Coping or Cure?
People naturally seek treatments suitable to the causes they believe are driving their bad behavior. Today, people seem to rely most upon such methodologies as medical treatment, psychotherapy, and education.
Coping skills like those offered by such treatments can be effective in the sense that they may squelch the conscience and help people feel better temporarily. But a cure, not coping, is what you want, is it not? Certainly a cure is what we want to help you find.²
In Soul Prescription we refer to sin frequently as “sickness.” But we do not mean by this that our sin is something for which we do not bear responsibility. We are not victims of our sin; we are the perpetrators. The analogy of sickness is useful because it describes the way our spiritual system becomes disordered through sin.
We are not interested in helping you live with your problem—we want you to be fundamentally transformed. And a cure like this is possible only if we get to the heart of the problem.

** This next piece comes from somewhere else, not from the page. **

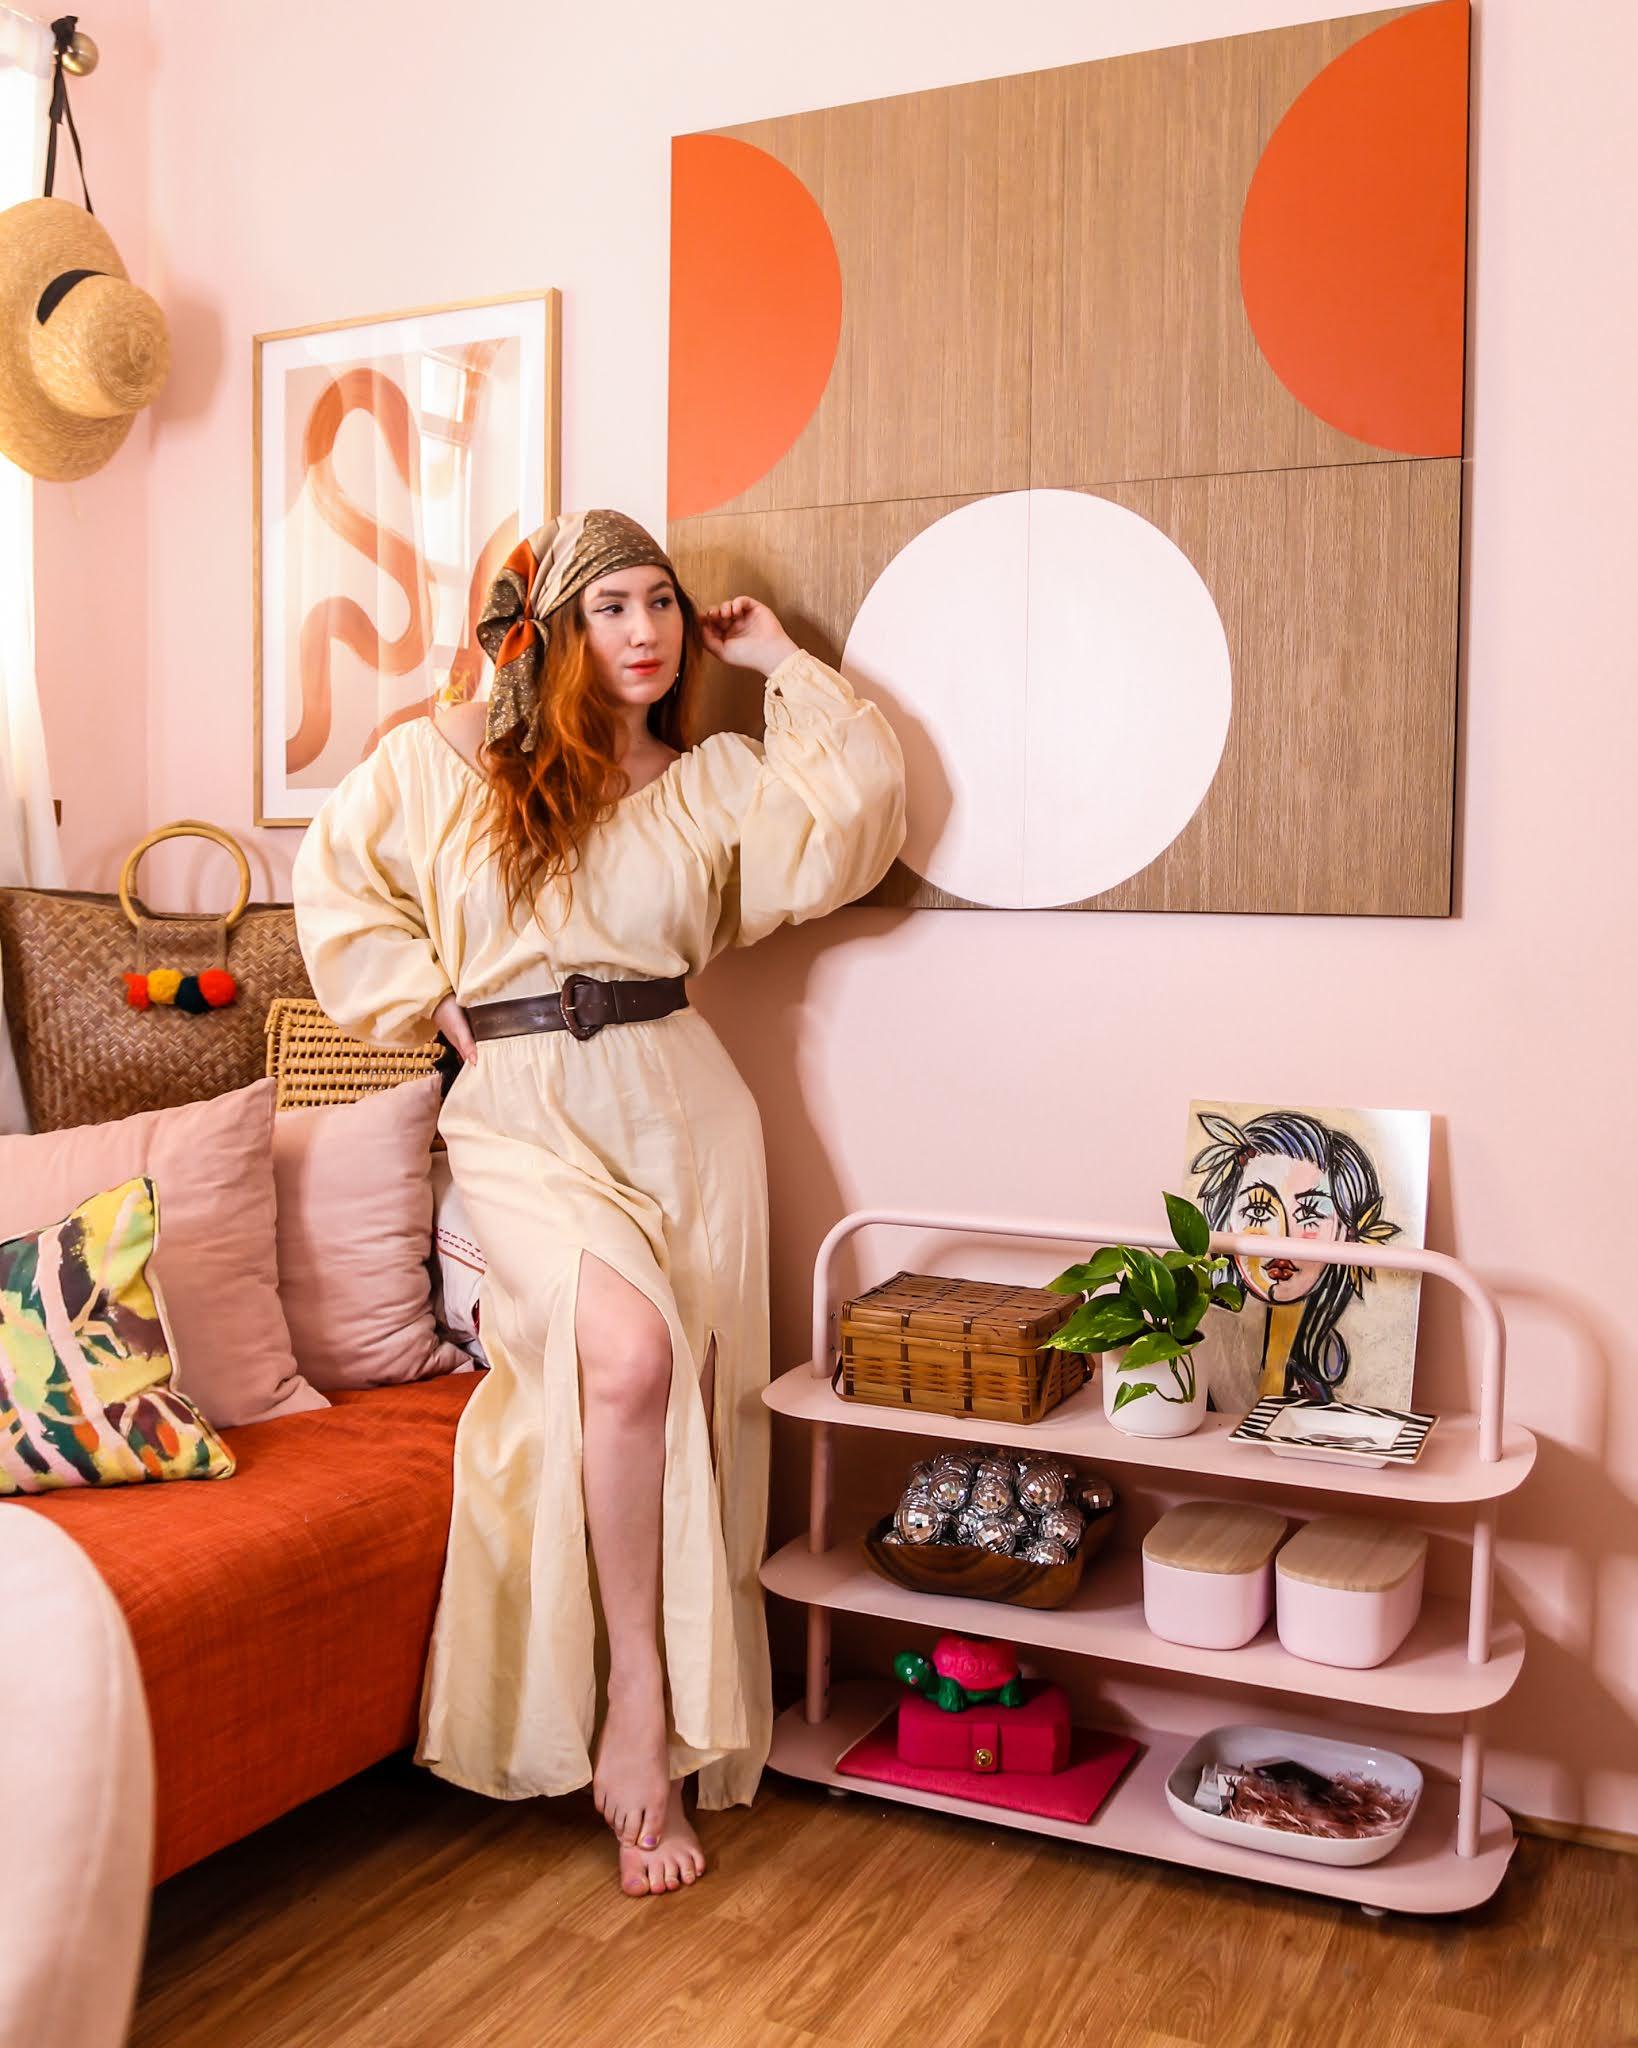 Pink and orange decor // small home office decor // home office ideas // home office Inspo // at home pictures ideas // boho homes // maximalist decor

Long ago, when Israel’s prophets and priests failed to deal with the people’s rebellion against God, the Lord said of these religious professionals,
“They dress the wound of my people as though it were not serious. ‘Peace, peace,’ they say, when there is no peace.” —Jeremiah 6:14, NIV
Learning a lesson from this, we must do more than administer superficial treatments for our chronic behavior problems expressing our sinful nature. We cannot delude ourselves into thinking we are at a place of spiritual peace when actually war is raging in our hearts.
As Jesus approached the end of His time on earth, He told His disciples, “I am leaving you with a gift—peace of mind and heart. And the peace I give isn’t like the peace the world gives” (John 14:27). In part, He was saying that there is a kind of worldly peace. This is the peace that can come through coping strategies that make us feel better for a while. But Jesus’ peace is qualitatively different. It is based on real, heart-level change that can come only through the work of the Holy Spirit. In the words of one Old Testament prophet, “righteousness will bring peace” (Isaiah 32:17).

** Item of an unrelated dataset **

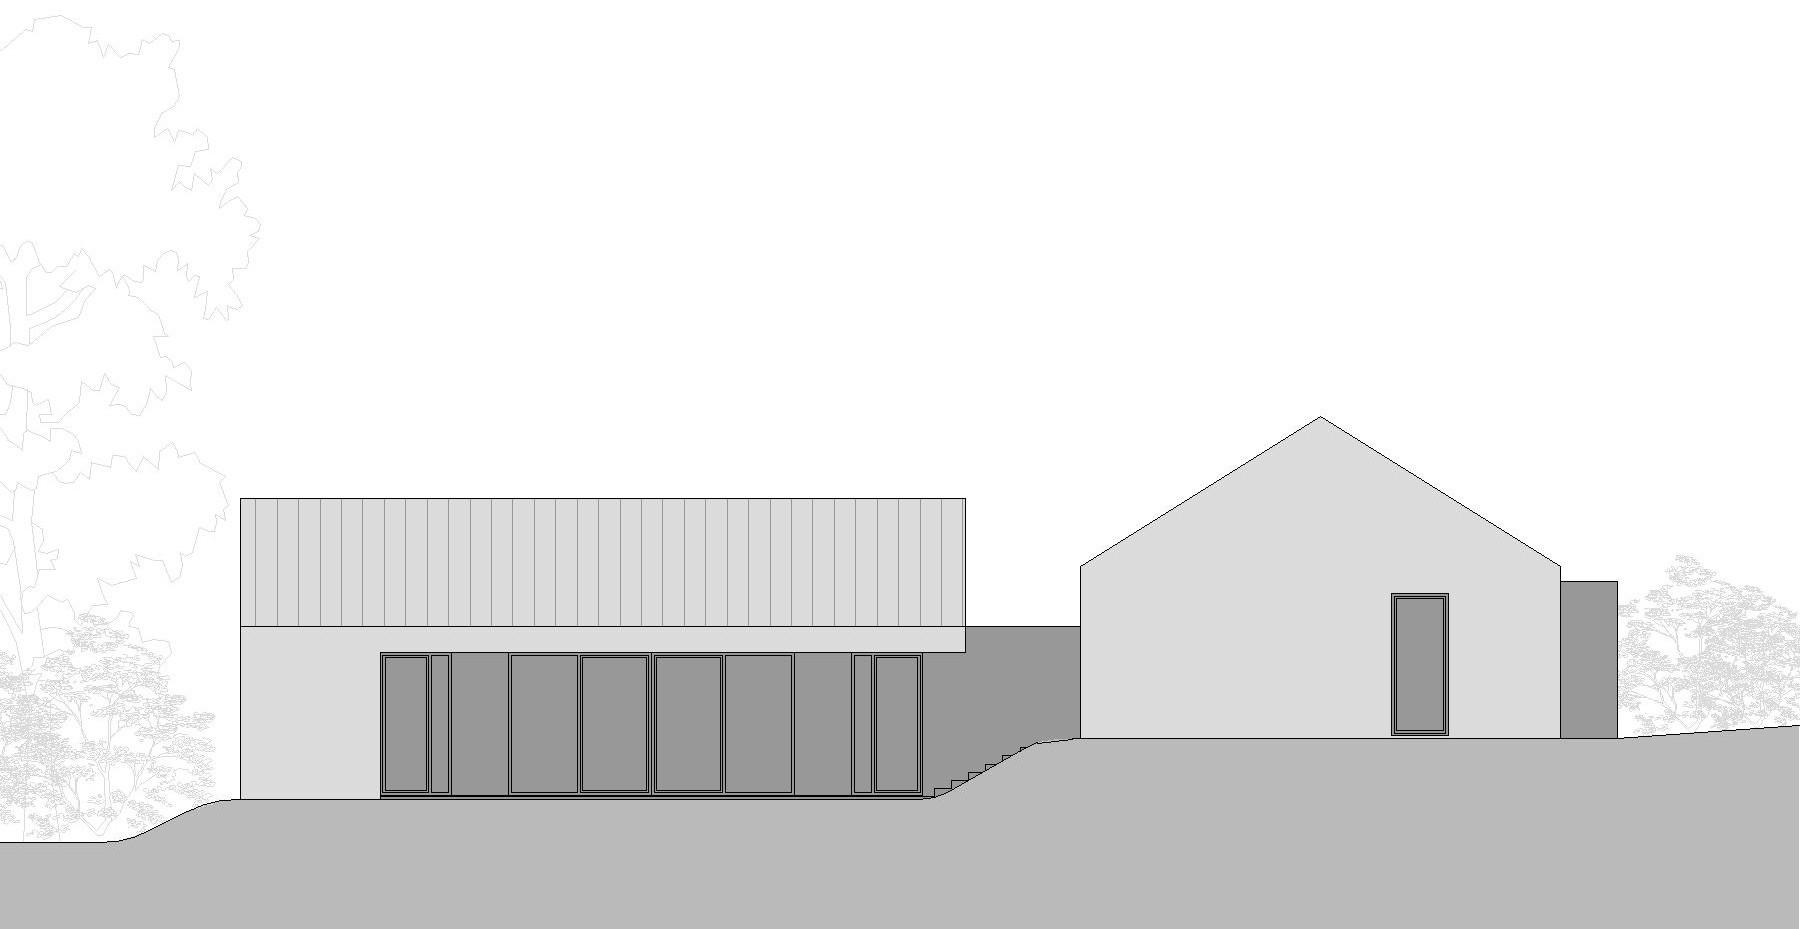 viceurovnova-moderni-vila-se-sikmou-strechou-dream-homes-plavec-pohled

Unfortunately, it is easy to mix up the two kinds of peace: worldly and godly.
You may find that going to a counselor or a doctor will give you some relief or help you address contributing factors to your problems. But what we are doing with Soul Prescription is something much more basic and direct: we want to help you deal with the heart of your problem. And you know what that is. It is sin.
Sin really is the heart of the problem, because in the end each of us is responsible for our own behavior. Regardless of the influences that may be acting upon us, sin is an act of the will. We choose to do what we know is wrong. As John Bunyan—author of The Pilgrim’s Progress—said, “There is no way to kill a man’s righteousness but by his own consent.” This is true even when the sin has become habitual.
We have to tell you (in case you do not already know) that it is never safe to try to live with a sin problem. Sin is like a cancer: it grows in seriousness over time. A little entertaining of lust, for example, can grow to encompass pornography use, adultery, and even crimes like rape. Furthermore, sin is like a contagion: it spreads from one person to another. If your problem is a quick temper, your lashing out at a coworker might cause her to overreact to her child at home. Then the child becomes upset and acts cruelly to a playmate. And so on.
If you throw a rock in a still pond, the ripples spread out and gradually die away. But if you commit a sin, the ripples it sends out may not die out; they may continue spreading within your own life or the lives of those around you. The harm they can do is incalculable. Now, we ask you, is this not a good reason to seek real healing for your sin problem and not just learn to live with it?
Soul Prescription is not for people who want to dodge their sin problem or merely cover it up or make it better but not get rid of it. It is for people who are sick and tired of their sin problem and are filled with a drive to get rid of it once and for all. They are ready, at last, to say, “I can’t do this on my own. I need God’s help to deal with my sin.” This approach requires courage and faith, but it has the virtue of dealing with the real problem.